Após o "Corta!", Lithgow se retirou rumo ao camarim, enquanto chegava do escuro das árvores outro homem idêntico a ele. O dublê era certamente muito mais novo, porém arrumado em roupas e maquiagem idênticos. De qualquer modo, no escuro, a diferença seria imperceptível. O sósia seria responsável pela cena fisicamente exigente em que os dois homens escalam o monte rumo ao cemitério escondido.
Com cabos presos ao corpo, a equipe garantiu a segurança do profissional caso escorregasse - mas sem problemas: o cabo seria retirado digitalmente na pós-produção. Clarke retomou as falas e caminhadas entre as árvores, para ajudar os editores, mas desta vez completou a cena com a subida junto do dublê. Em cada momento de pausa, um dos atores vinha até os jornalistas para responder a perguntas e tirar dúvidas.

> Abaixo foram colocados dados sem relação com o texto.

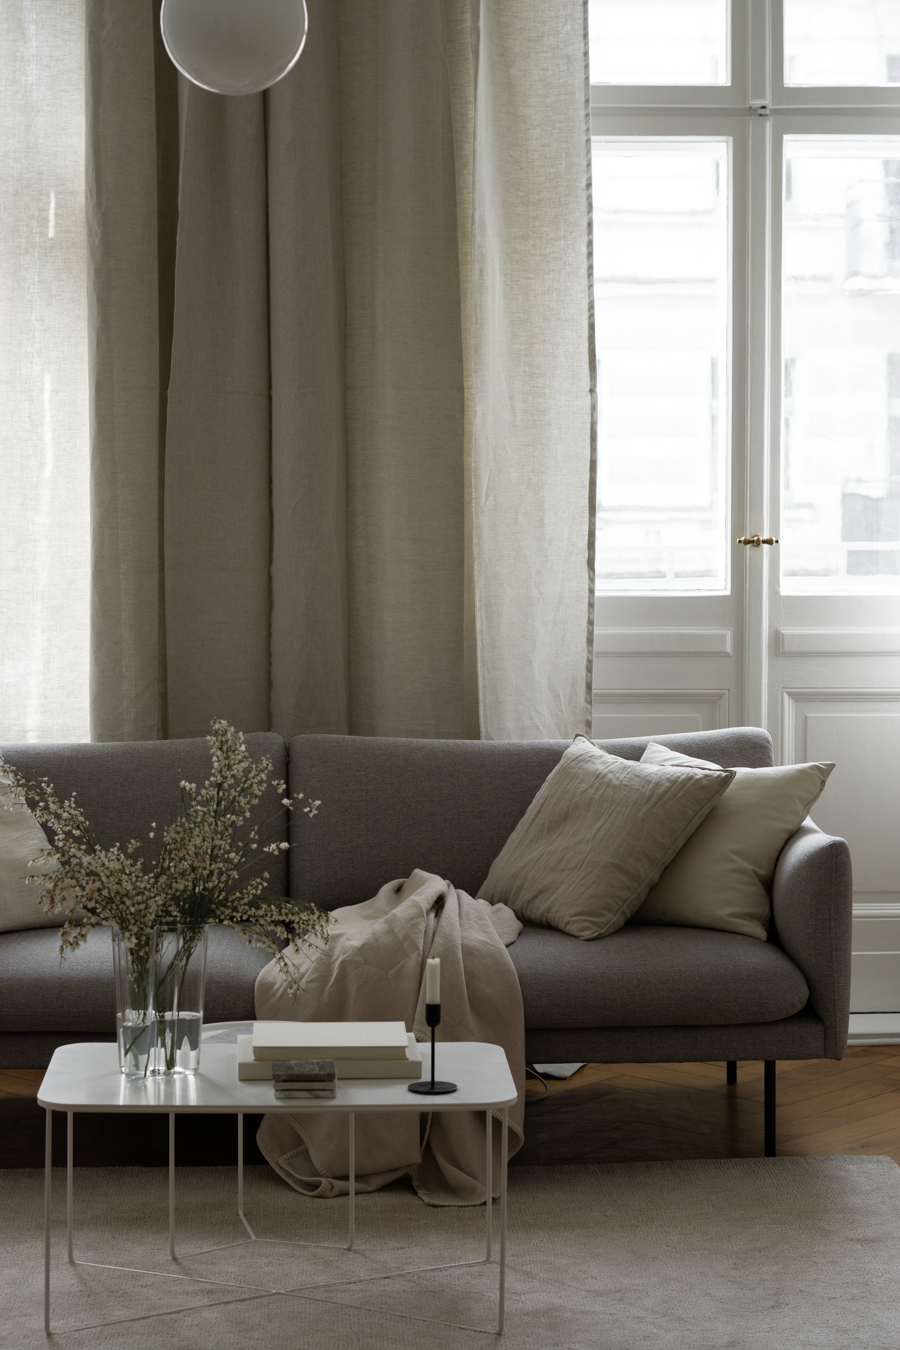 Grey Living Room Curtains

"Eles vão repetir a escalada mais umas dez vezes. É melhor a gente ver a casa incendiada", precisou o nosso guia. De volta aos carrinhos de golfe, seguimos durante vários minutos por outra área sombria do bosque, até finalmente avistar algumas casas. Uma delas, em particular, estava em obras, com meia dúzia de marceneiros trabalhando em plena madrugada.
Logo descobrimos que aquela casa tinha sido usada para uma cena de incêndio. A equipe não ateou fogo de fato à casa - tudo seria acrescentado depois, com efeitos especiais - mas foi necessário sujar uma casa real com fumaça e fuligem, danificar parte da estrutura e descascar as paredes para sugerir a destruição.
Os produtores tiveram a sorte de encontrar uma casa já em estado de abandono, cujos donos planejavam uma reforma. Surgiu um acordo conveniente a ambos: os proprietários deixariam a equipe explorar e modificar a casa como quisesse, contanto que depois efetuasse toda a reforma e devolvesse uma casa nova. Terminada a filmagem naquele local, a reconstrução já estava em andamento.
Era talvez duas horas da manhã quando o grupo de jornalistas deixou do local. Permanecemos várias horas seguidas perdidos entre uma infinidade de cabos, máquinas, cadeiras armadas e luzes artificiais, cercado por mais de 50 técnicos, para observar uma filmagem que deve representar menos de um minuto no resultado final - prova do esforço necessário a produzir uma história desse porte, com imagens e efeitos capazes de impressionar o público.
Em breve, o AdoroCinema publicará a conversa com os atores e diretores. Mas a experiência de testemunhar um espaço deste porte, totalmente transformado para a necessidade de um filme de terror, com atenção a cada detalhe do suspense e da ambientação - as lápides, os nomes de animais mortos, o gelo seco - serviram para ilustrar a magnitude da indústria de arte, que mobiliza tantos empregos e tantas cabeças criativas ao mesmo tempo.
Além disso, a viagem serviu de teaser para a nova versão, com efeitos modernos e uma forma de filmar adaptada ao século XXI. Os fãs de Stephen King, e de terror em geral, agradecem. Cemitério Maldito chega aos cinemas brasileiros dia 4 de abril.